What the task requires: The copy has to match the data exactly and leave out every picture.

Data extract:
***

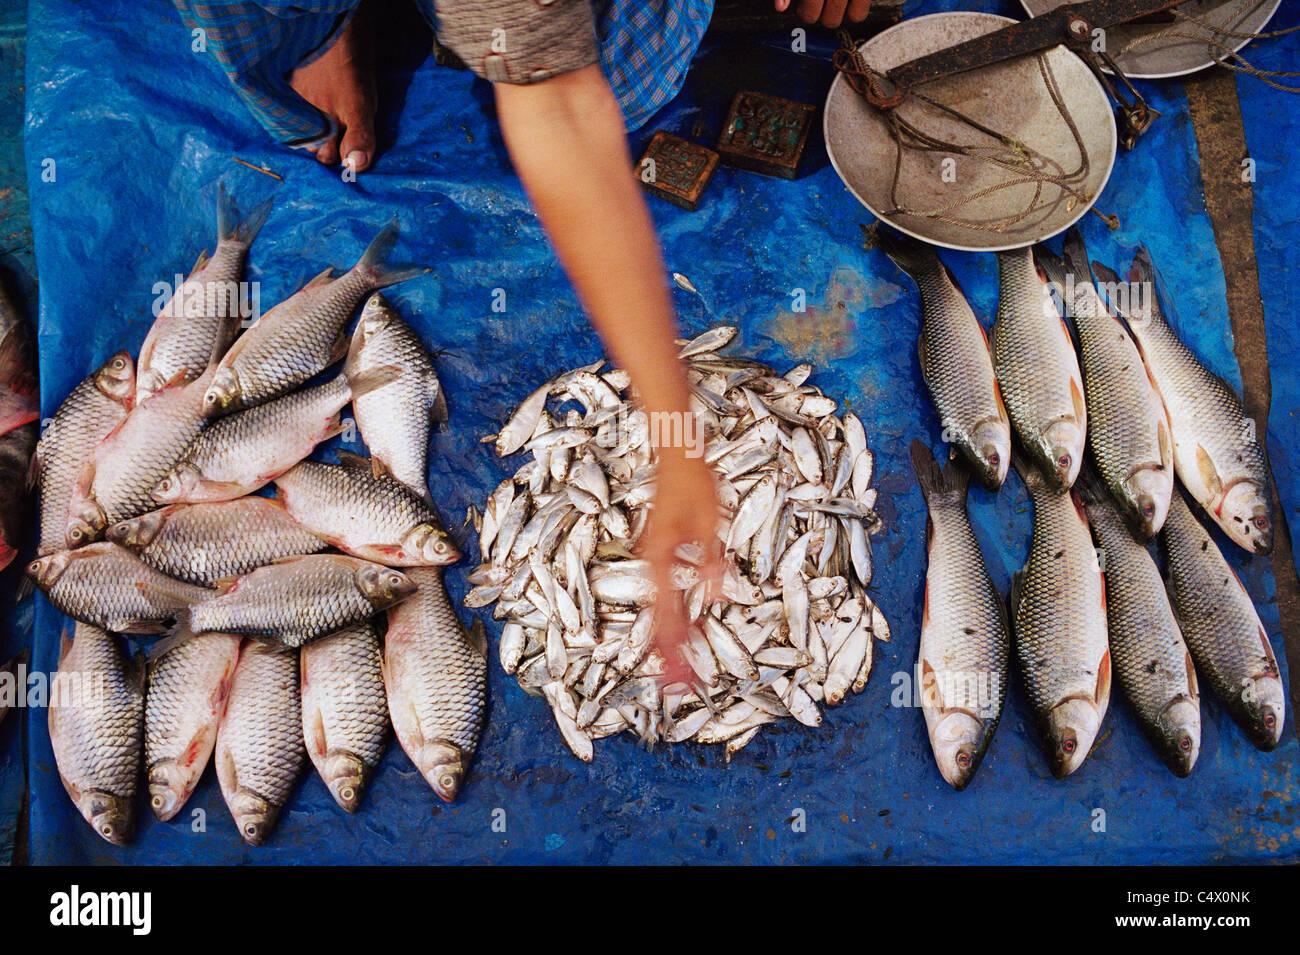 Mercato del Pesce, Bhatiary, Bangladesh Immagini Stock
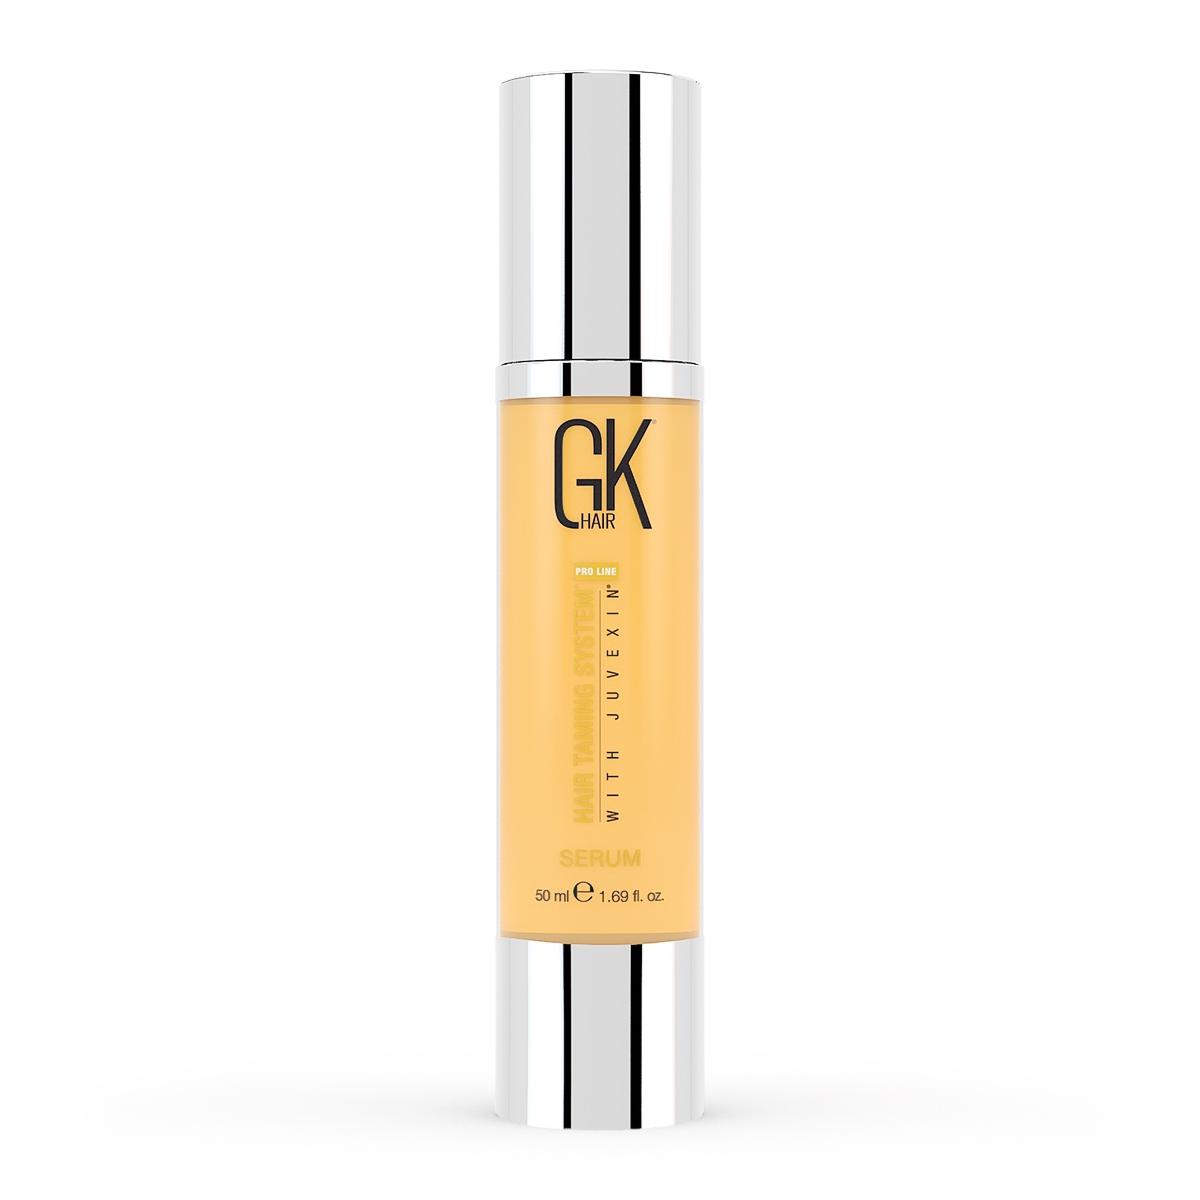 Global Keratin Сыворотка Serum, 50 мл сыворотка от виши idealia life serum
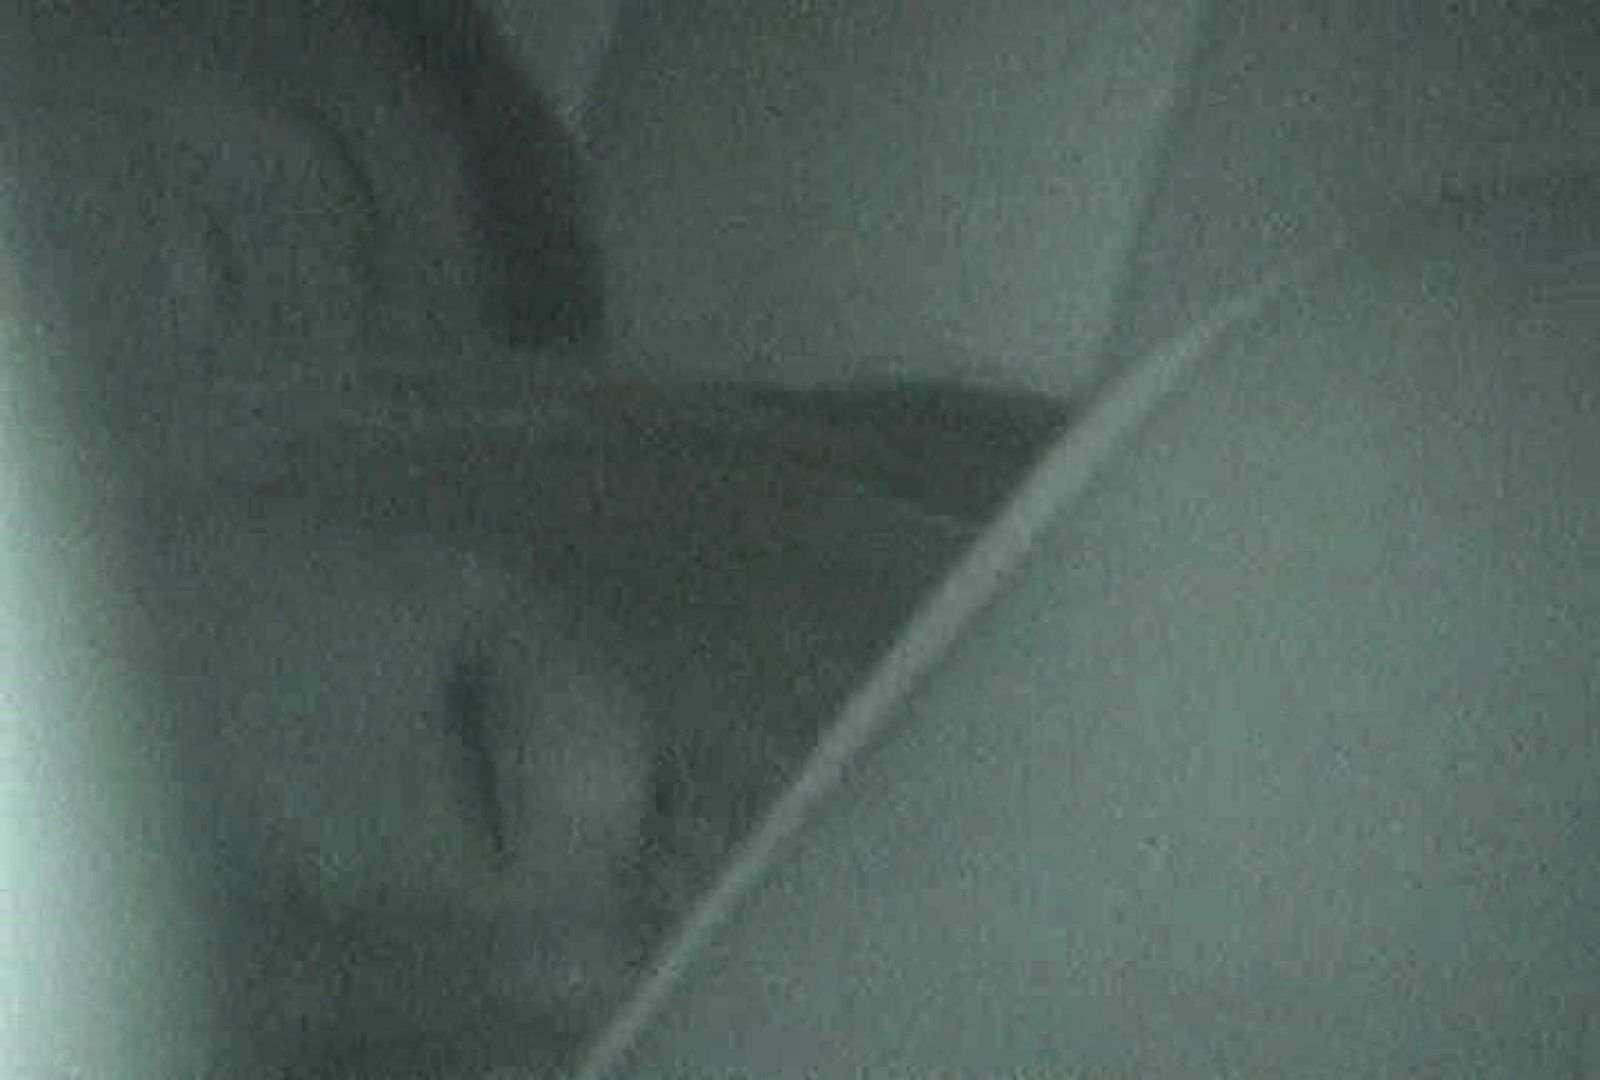 充血監督の深夜の運動会Vol.92 野外 性交動画流出 97pic 7
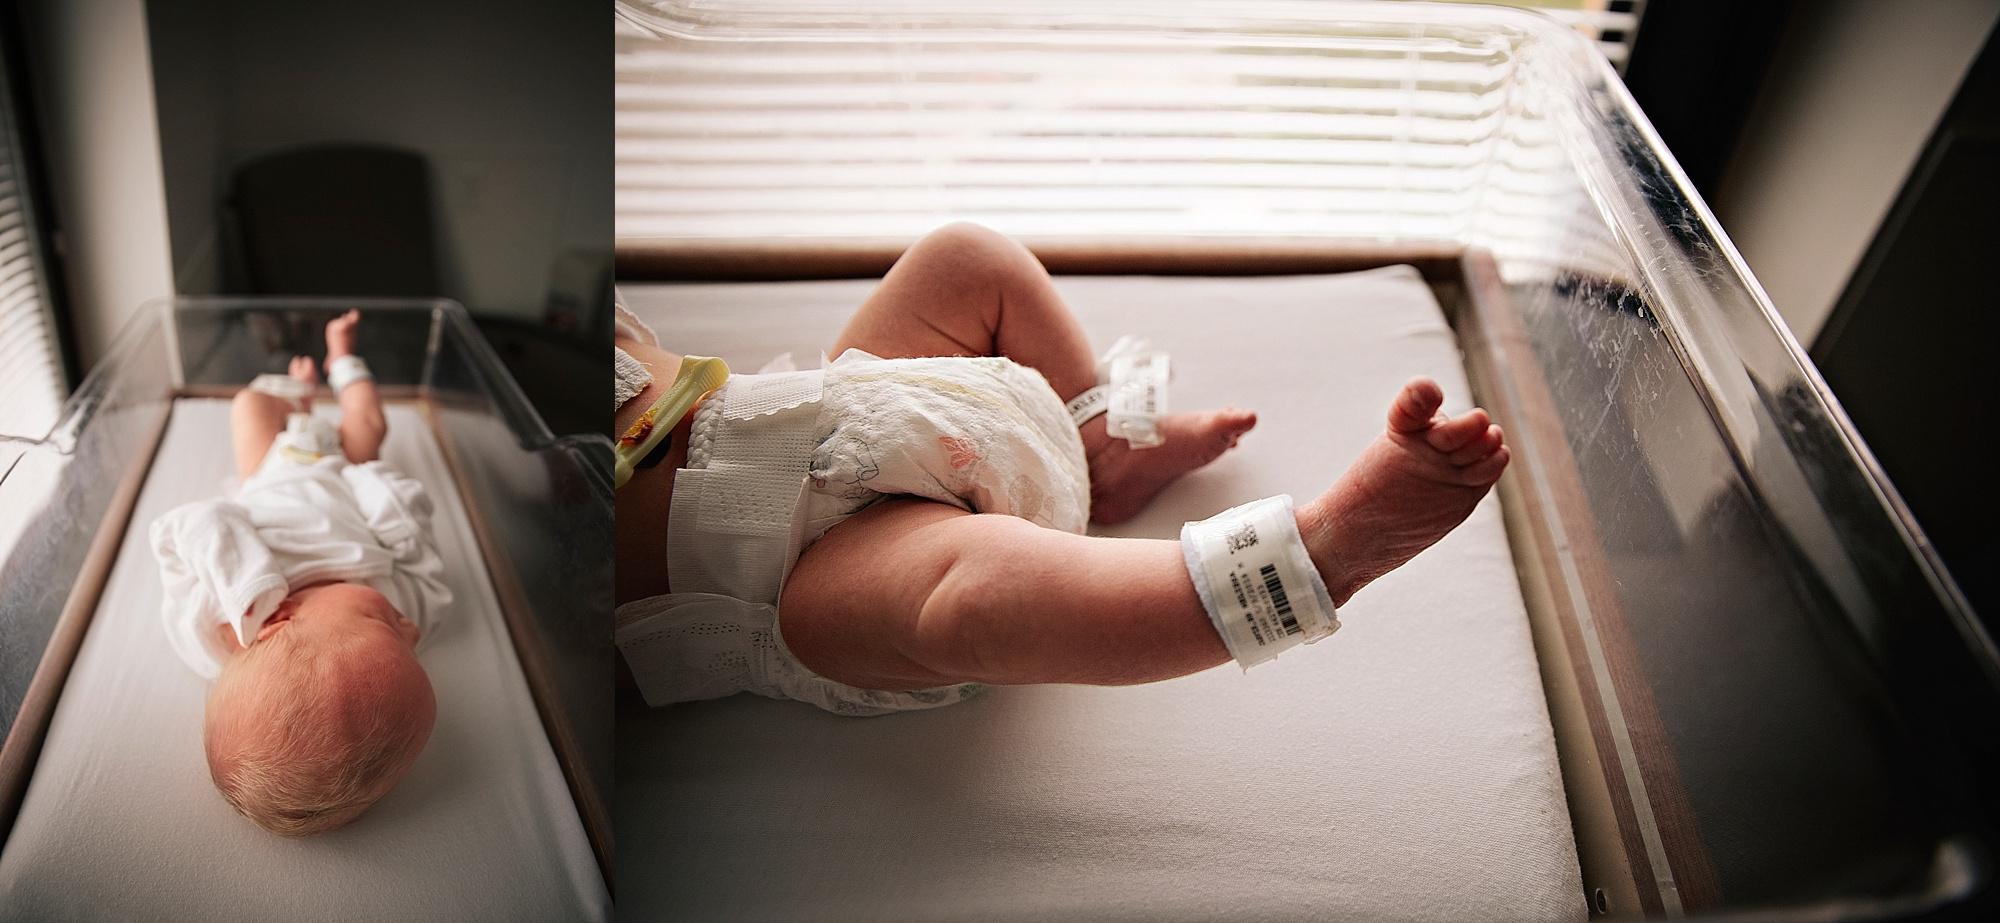 lauren-grayson-photography-akron-ohio-photographer-family-newborn-fresh-48-baby-hospital-photo-shoot-cleveland-clinic-akron-general-carter_0339.jpg

***

Expected answer:
 Mercato del Pesce, Bhatiary, Bangladesh Immagini Stock
 Global Keratin Сыворотка Serum, 50 мл сыворотка от виши idealia life serum
 充血監督の深夜の運動会Vol.92 野外 性交動画流出 97pic 7
 lauren-grayson-photography-akron-ohio-photographer-family-newborn-fresh-48-baby-hospital-photo-shoot-cleveland-clinic-akron-general-carter_0339.jpg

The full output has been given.